New York Times Limits Use of Data for Generative AI
By Adam Pease
New York Times Limits Use of Data for Generative AI
The New York Times (NYT) recently updated its terms of use to prohibit the use of the newspaper’s content in the training of generative AI models. This blog discusses the news and its implications for the generative AI market.
Generative AI and Data Ownership
The legal situation surrounding generative AI is still in a state of limbo, with many uncertainties regarding industry regulation and copyright law. Several leading generative AI providers have faced criticism for incorporating data into their model training without consulting the original authors or organizations that might own that data. Because large language models require so much text data for training, web scraping tools are often utilized to harvest data without explicit permission from the original source.
This decision by the New York Times represents a landmark in the fight between generative AI providers and the owners of data. It comes in the wake of Google’s announcement that it would be using public web data to train its AI models.
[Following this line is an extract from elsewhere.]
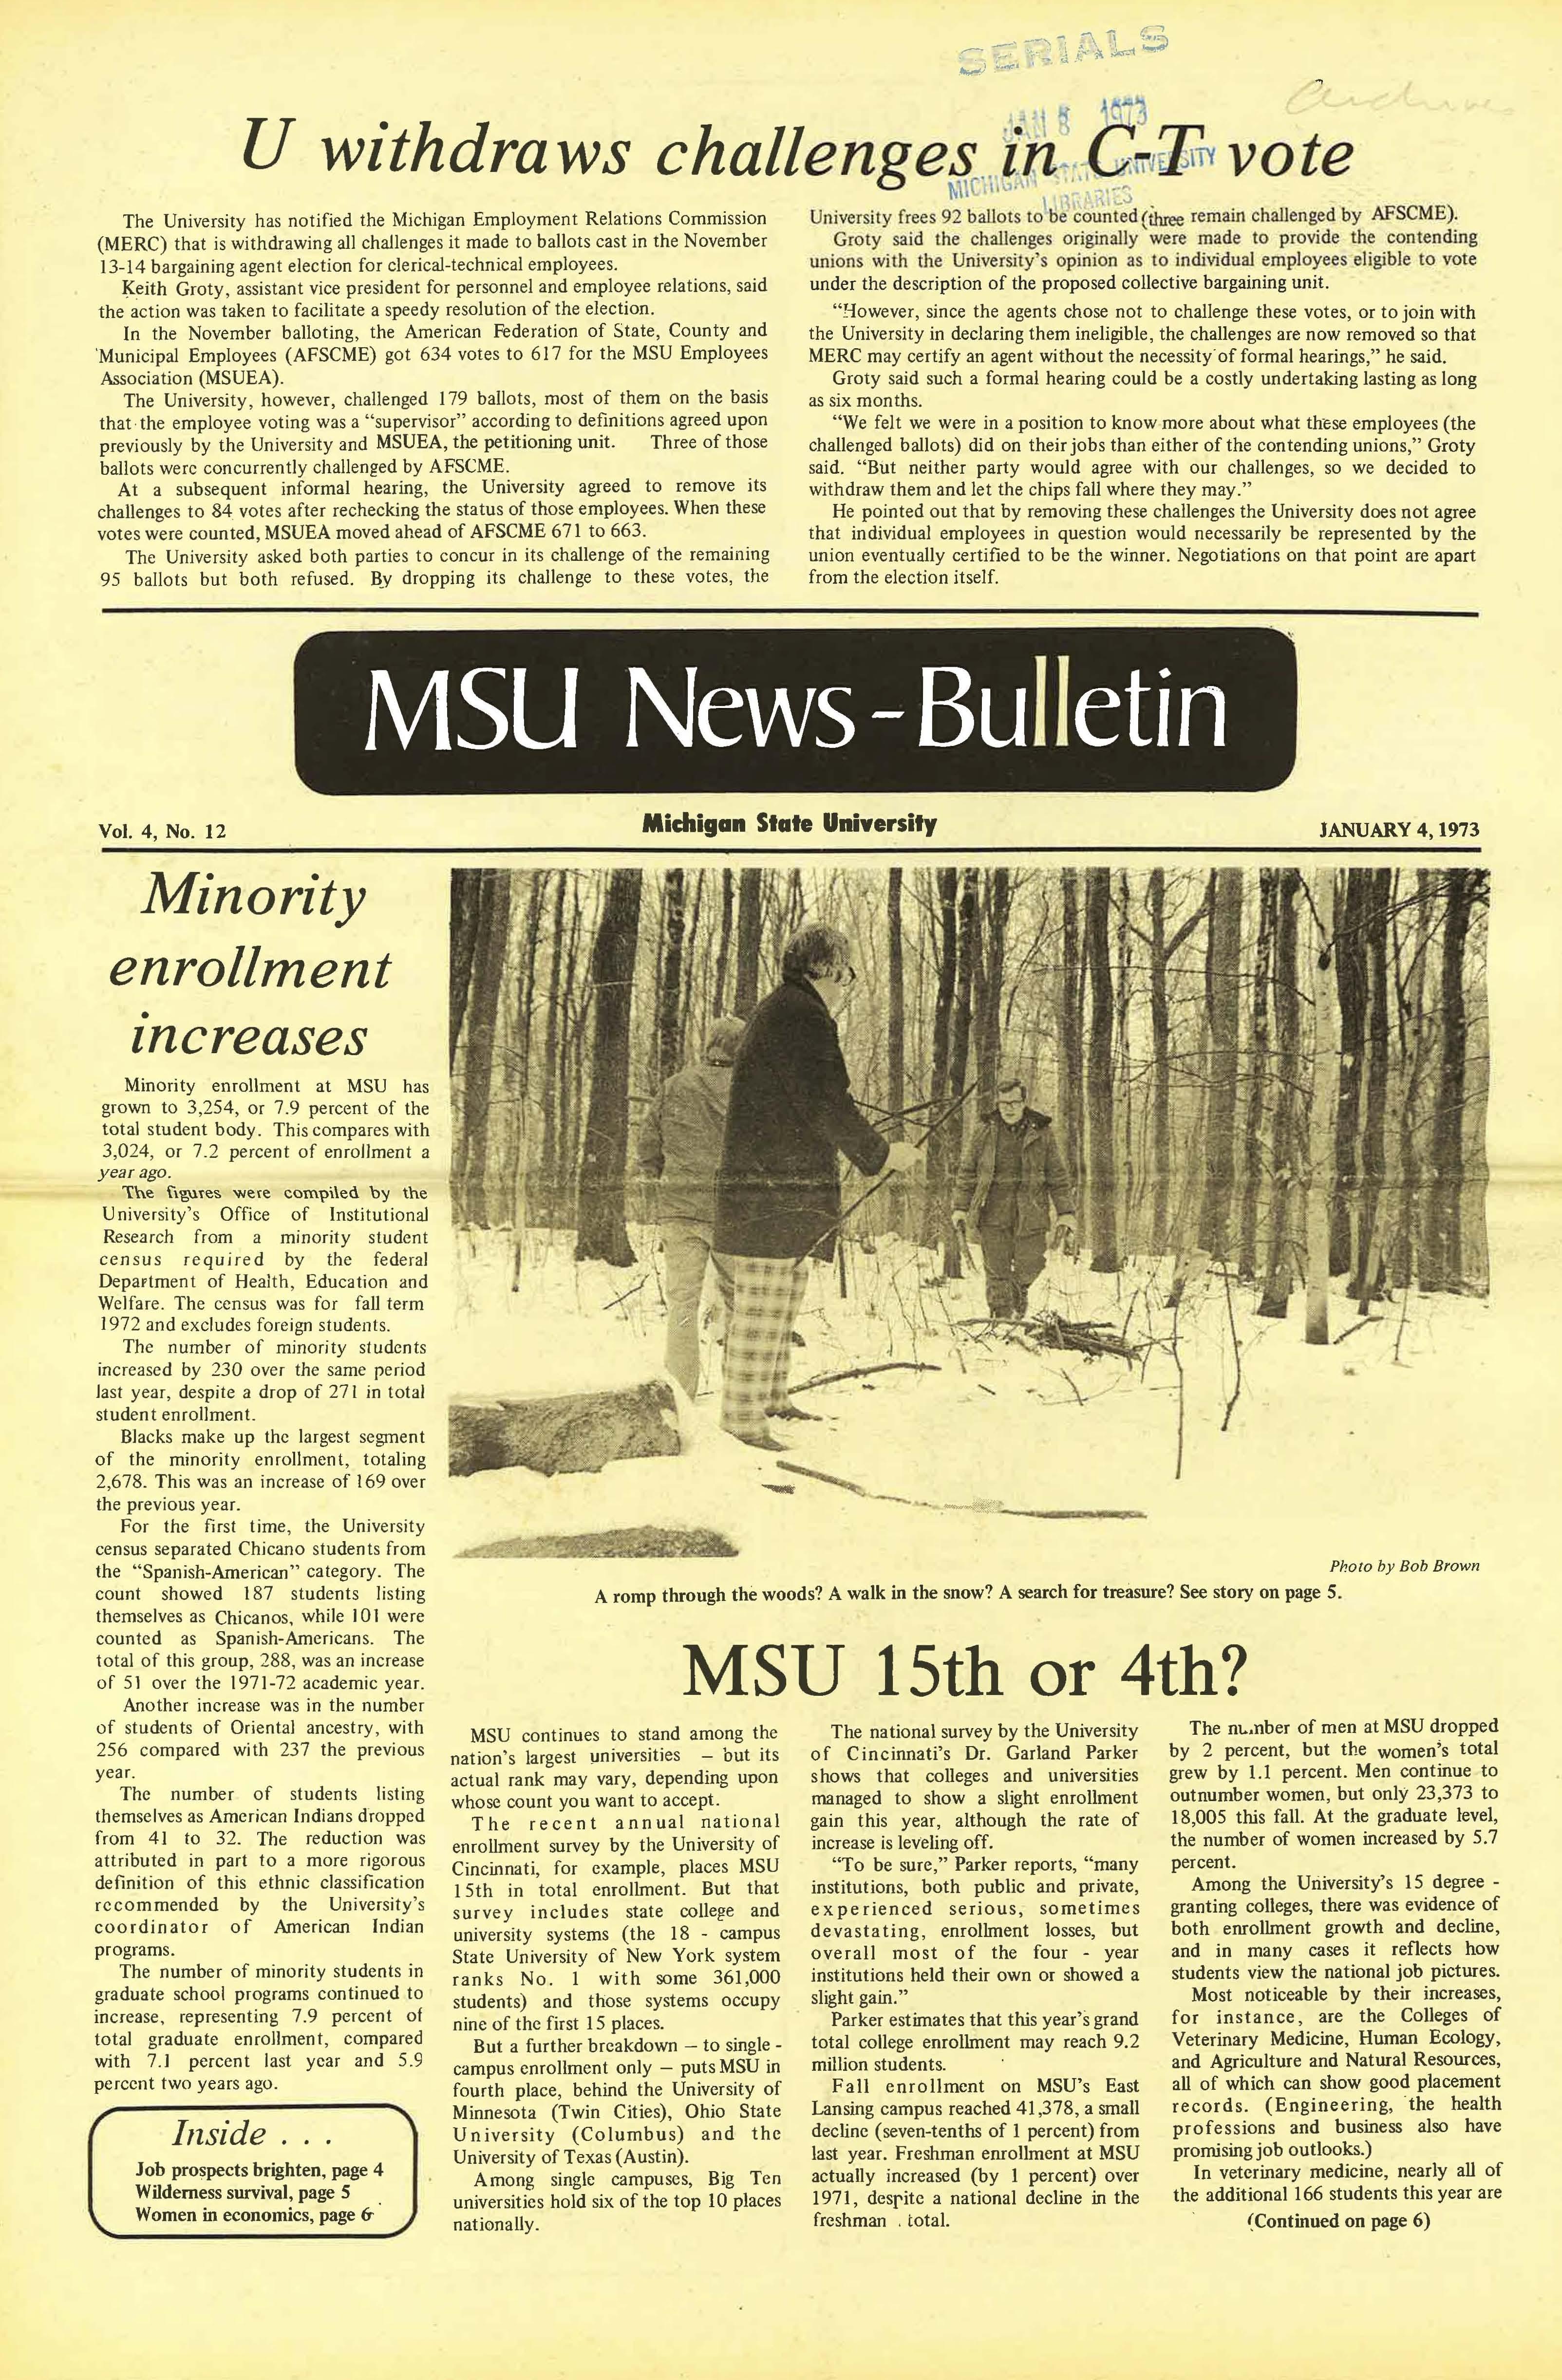 MSU News Bulletin, vol. 4, No. 12, January 4, 1973

Some generative AI providers are also moving in the other direction, offering ways for organizations to opt out of data harvesting for model training.
What’s Next for Generative AI Data?
It’s unclear what the long-term implications of the New York Times decision will be. To be sure, the material in the New York Times constitutes a negligible fraction of training data for LLMs like GPT-4. At the same time, the decision could cause other large media organizations to follow suit. If organizations like Reddit, which was heavily used to train state-of-the-art models were to implement similar restrictions, it could be represent an obstacle to model training.
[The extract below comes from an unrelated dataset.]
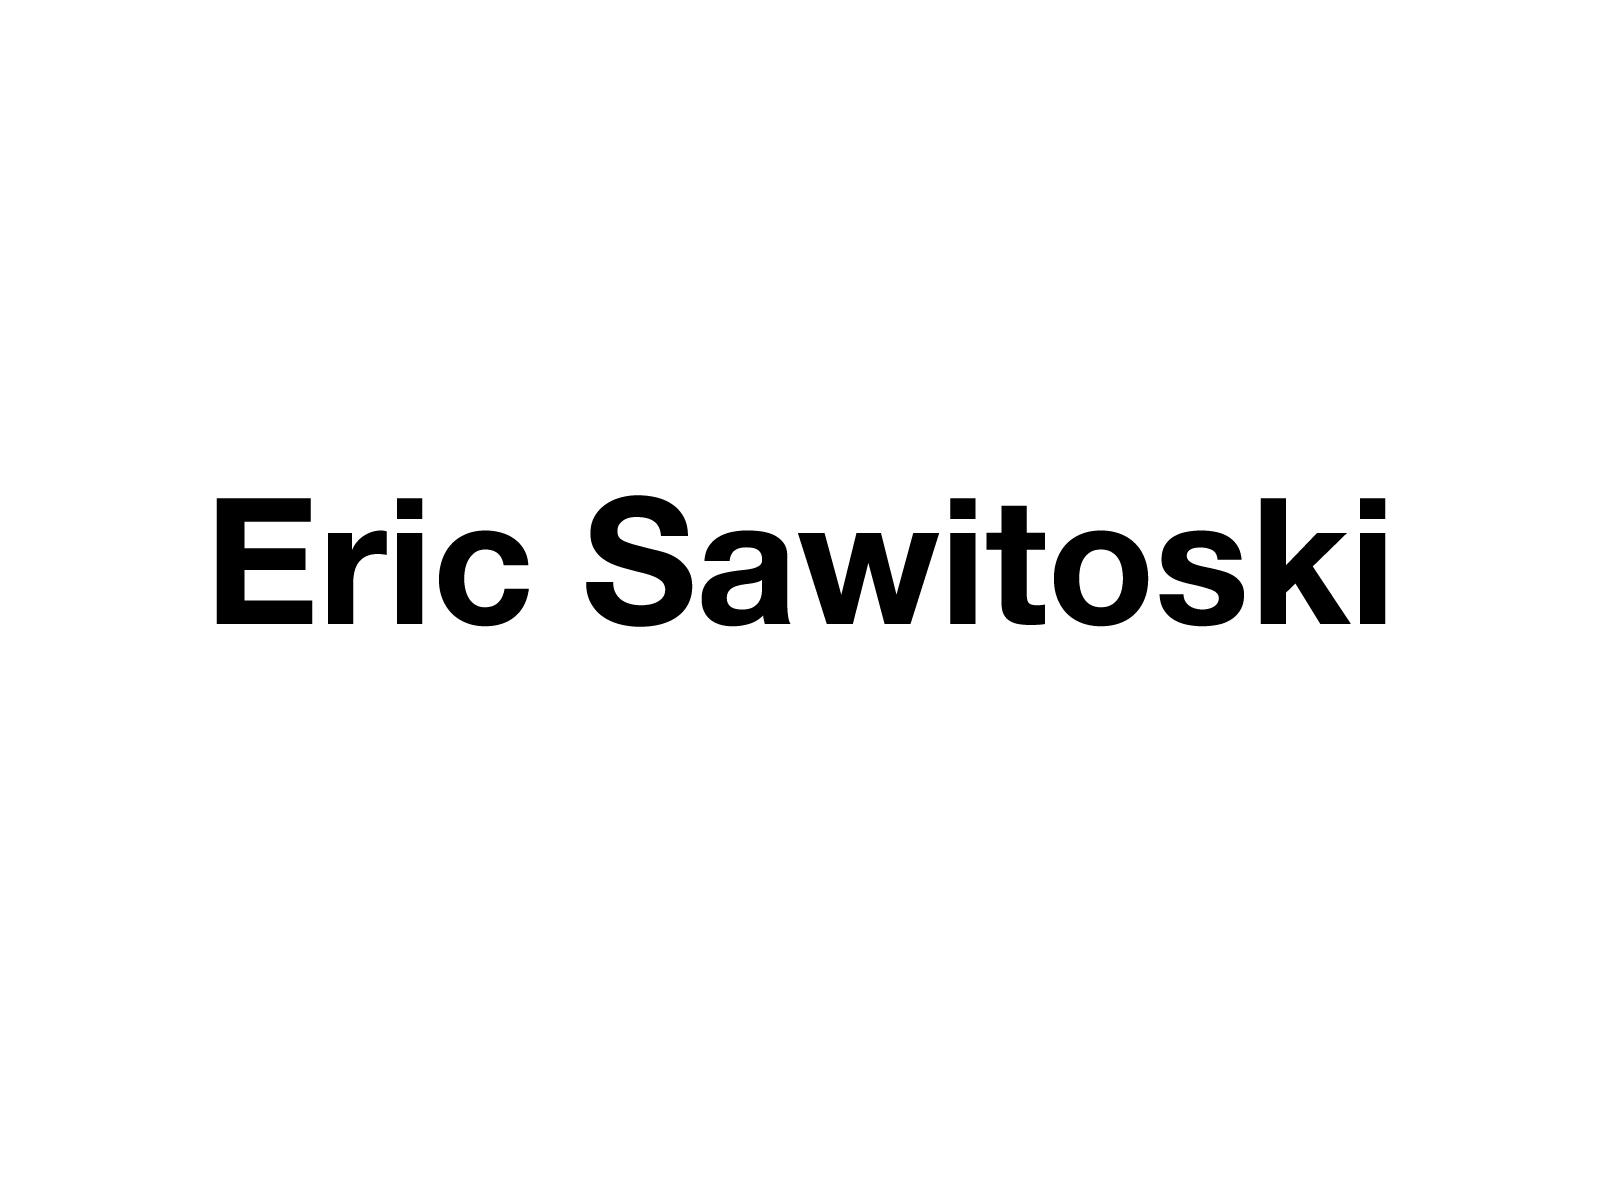 Eric Sawitoski

And yet, it is difficult for any organization to strictly implement control over its data. With the rise of open source model development, many users may disobey terms of use such as those stipulated by the New York Times and scrape data anyway. Another consideration for generative AI providers is the use of synthetic data—now that models like GPT-4 are capable of producing considerable amounts of high-quality text, this could simply be used to train new models instead of real, human data. New York Times
Bottom Line
In summary, the legal landscape surrounding generative AI copyright and data ownership is still muddled. The New York Times’s choice to limit data usage represents one move by the organizations that own content to assert their stake in the development of generative AI.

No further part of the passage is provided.